# Problem:
Exactly the lines from the one containing "Happy Valentine s Day Quotes on Cards Funny" through the end of the listing below are required, restated word for word and without pictures.

# Provided data:

▬▬▬

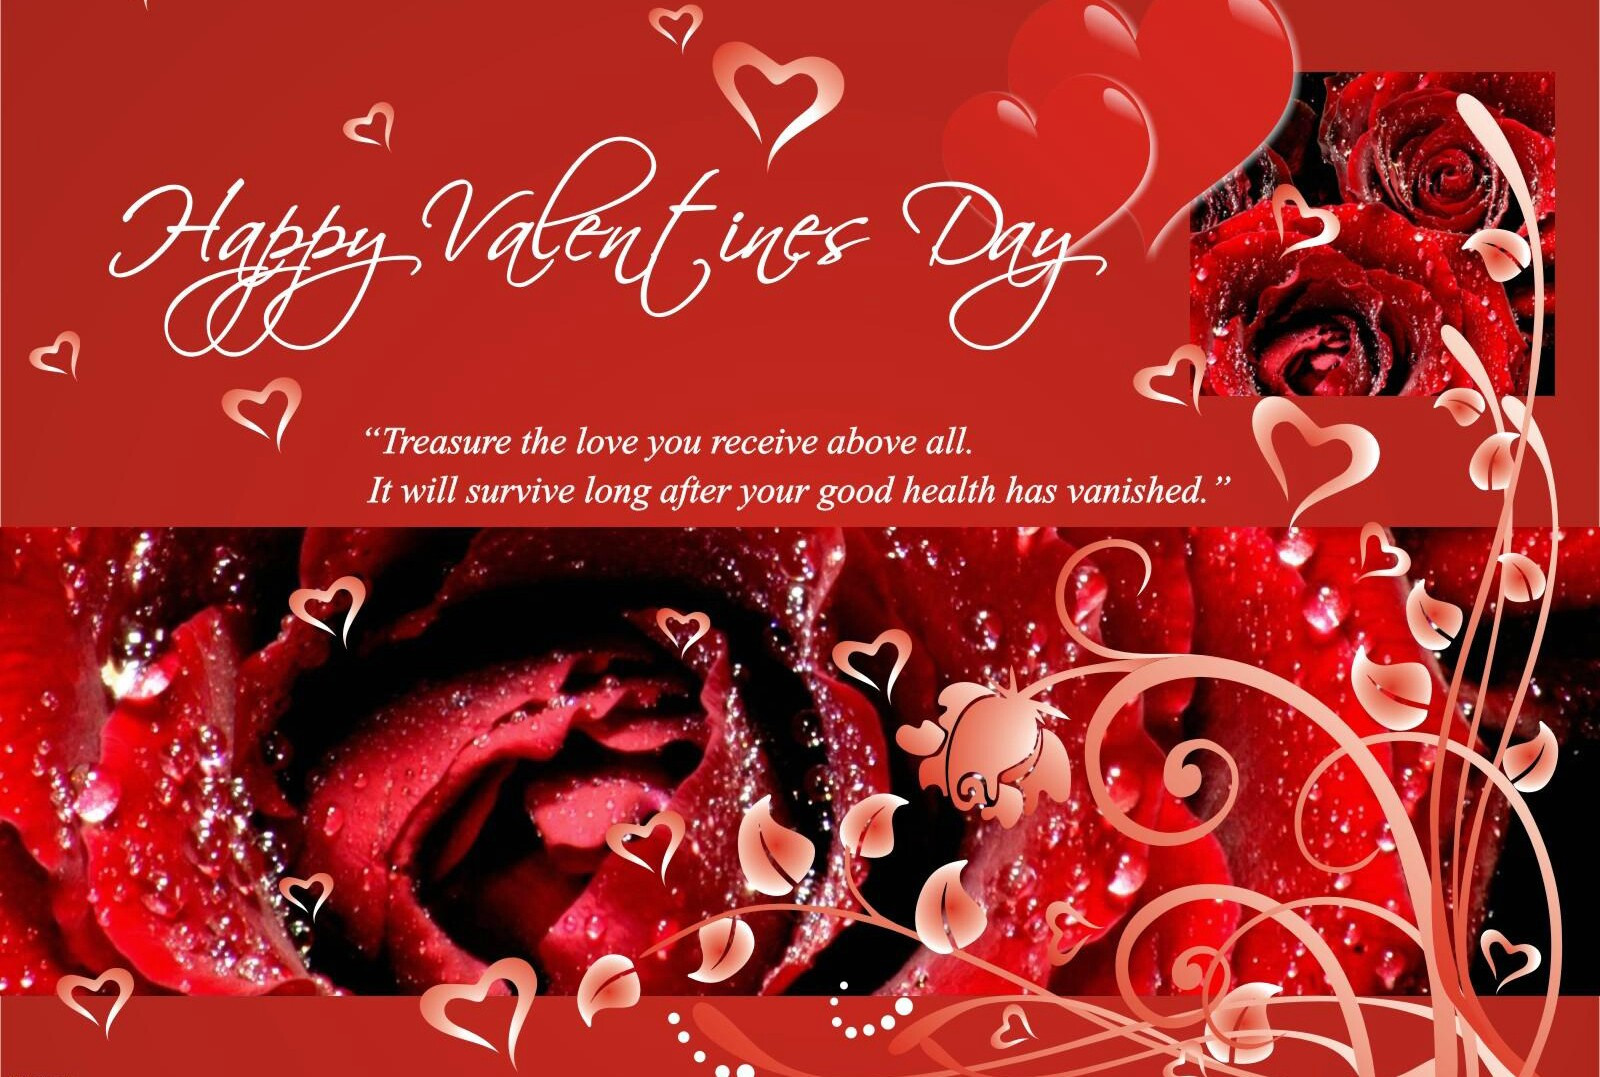 Valentines Day Pic And Quotes
 Happy Valentine s Day Quotes on Cards Funny
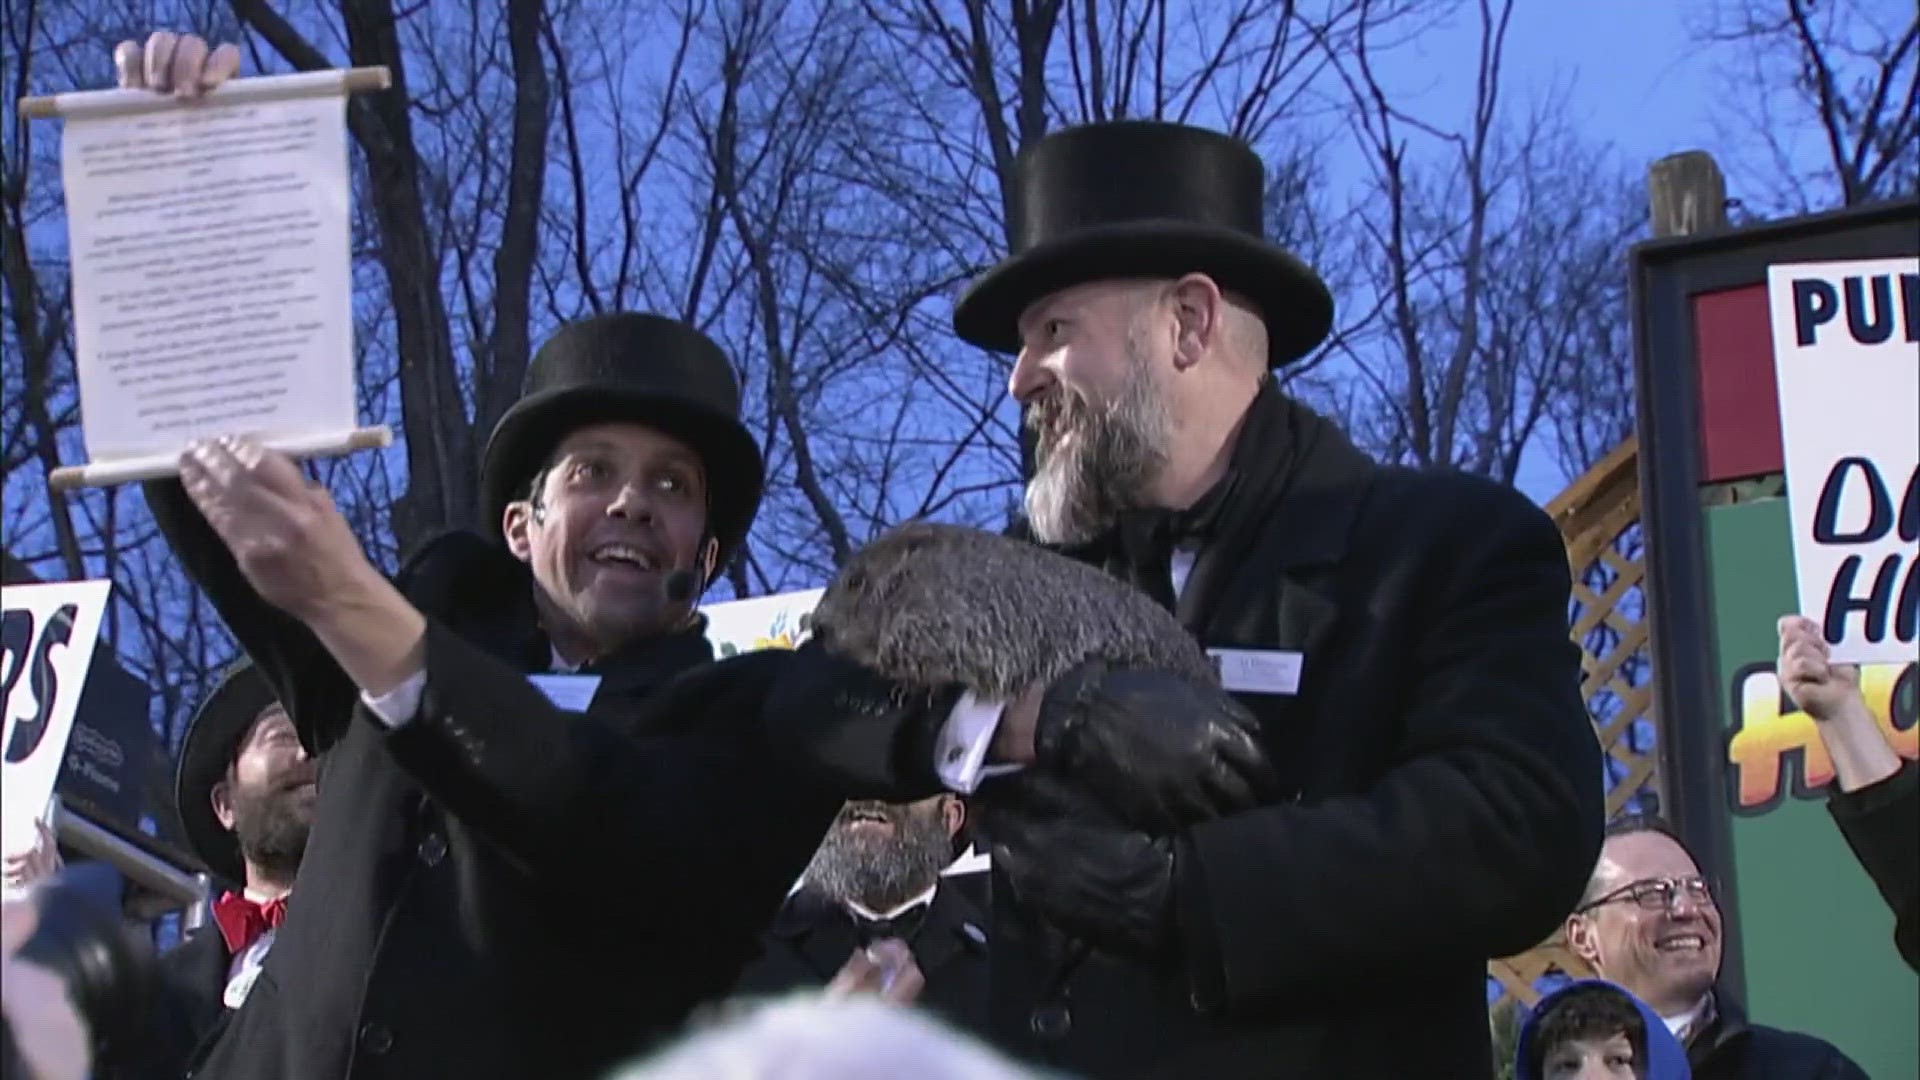 According to legend and tradition, we can expect an early spring if Punxsutawney Phil does not see his shadow on Groundhog Day every February 2.
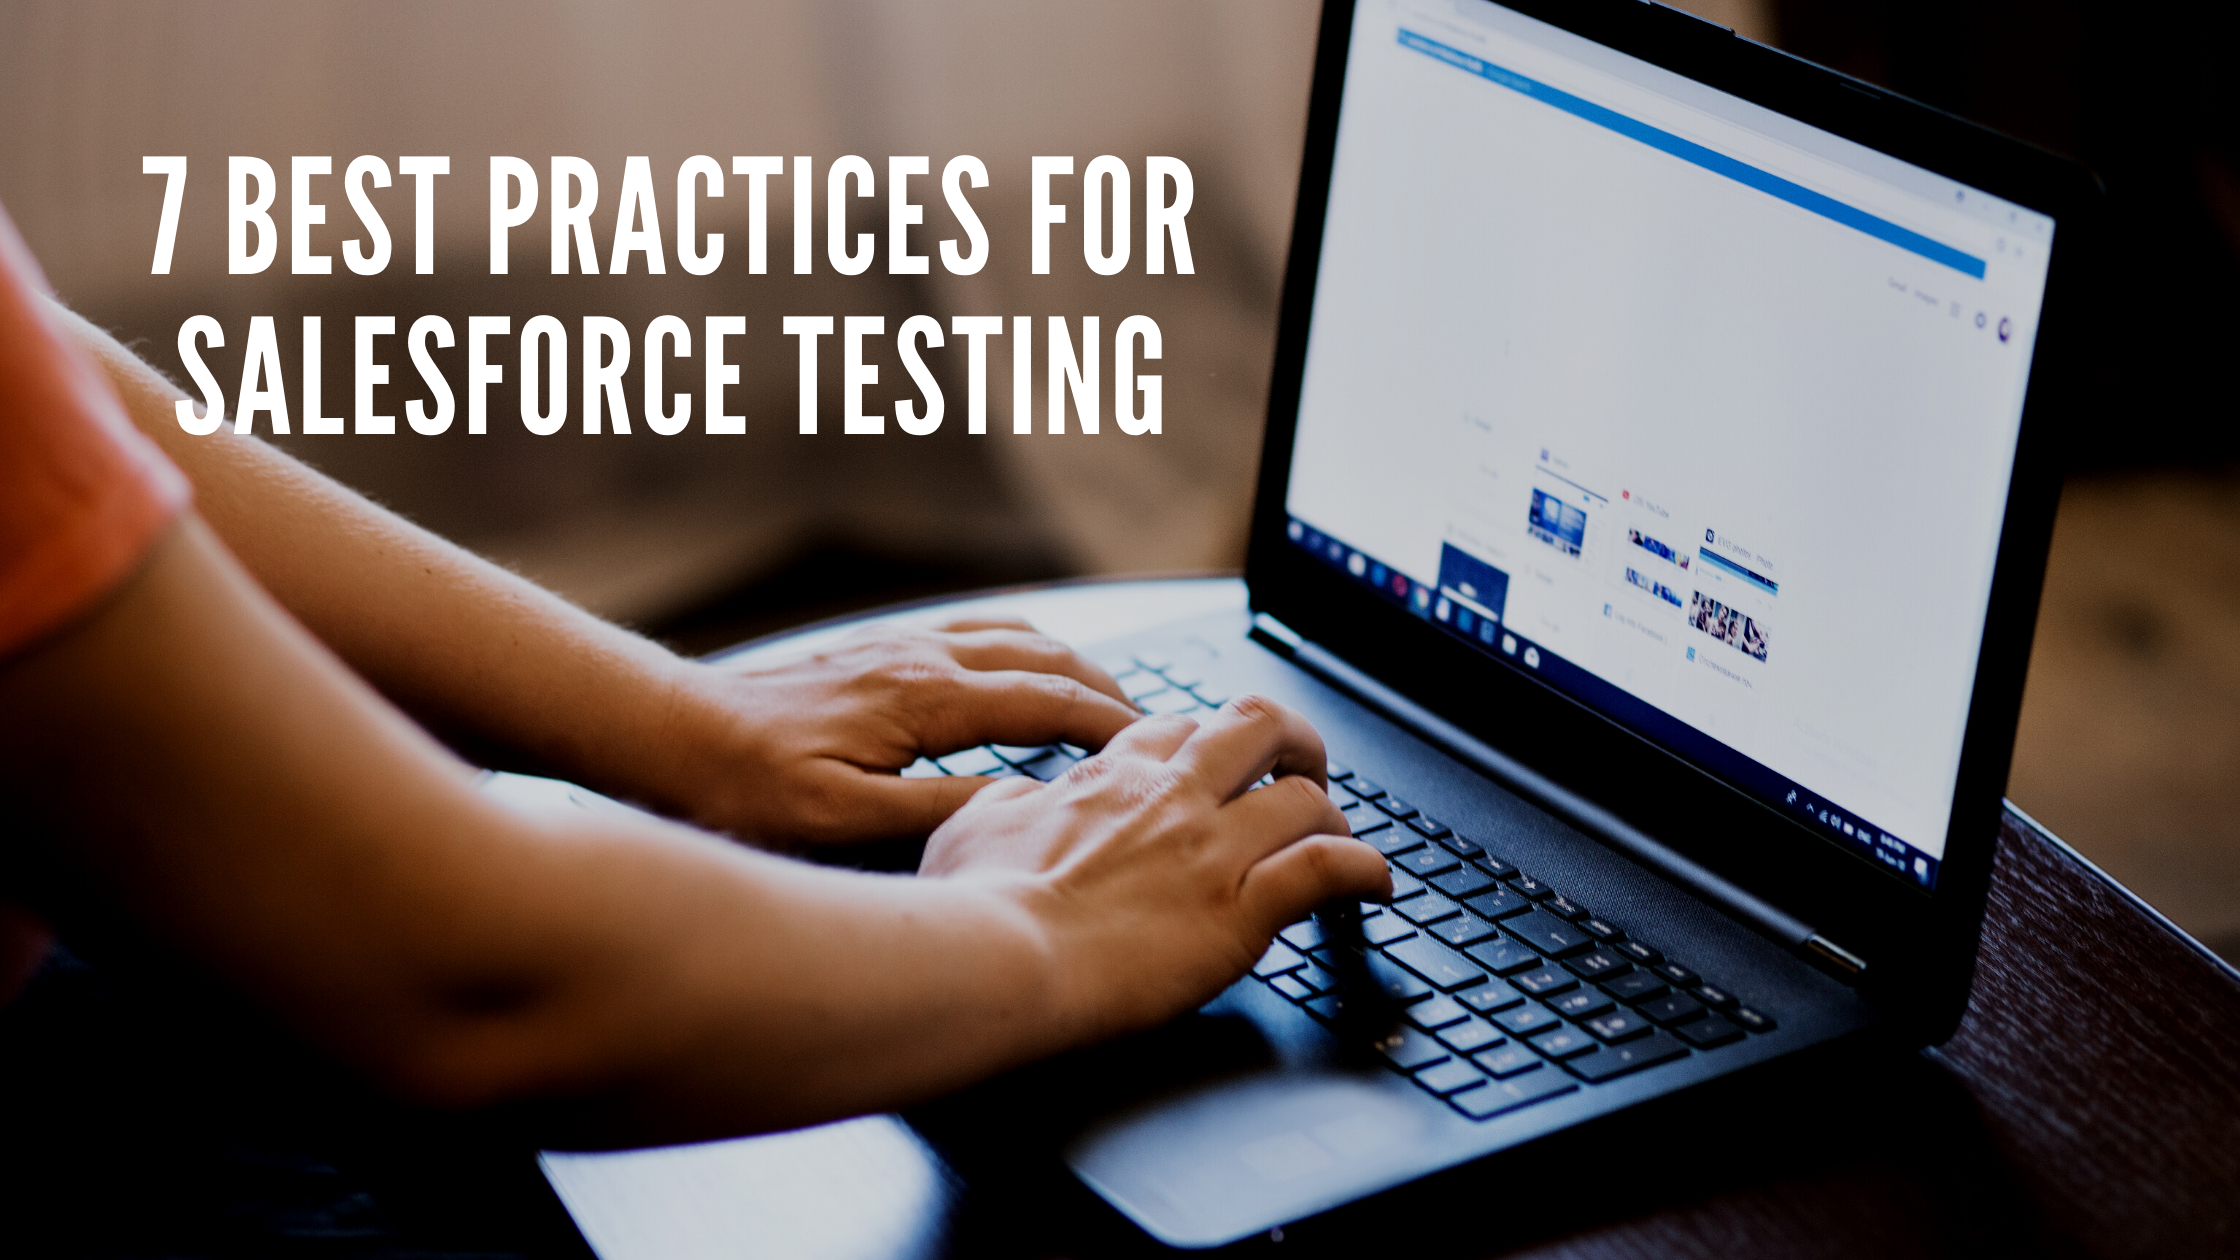 7 Best Practices for Salesforce Testing

▬▬▬

# Result of this task:
 Happy Valentine s Day Quotes on Cards Funny
 According to legend and tradition, we can expect an early spring if Punxsutawney Phil does not see his shadow on Groundhog Day every February 2.
 7 Best Practices for Salesforce Testing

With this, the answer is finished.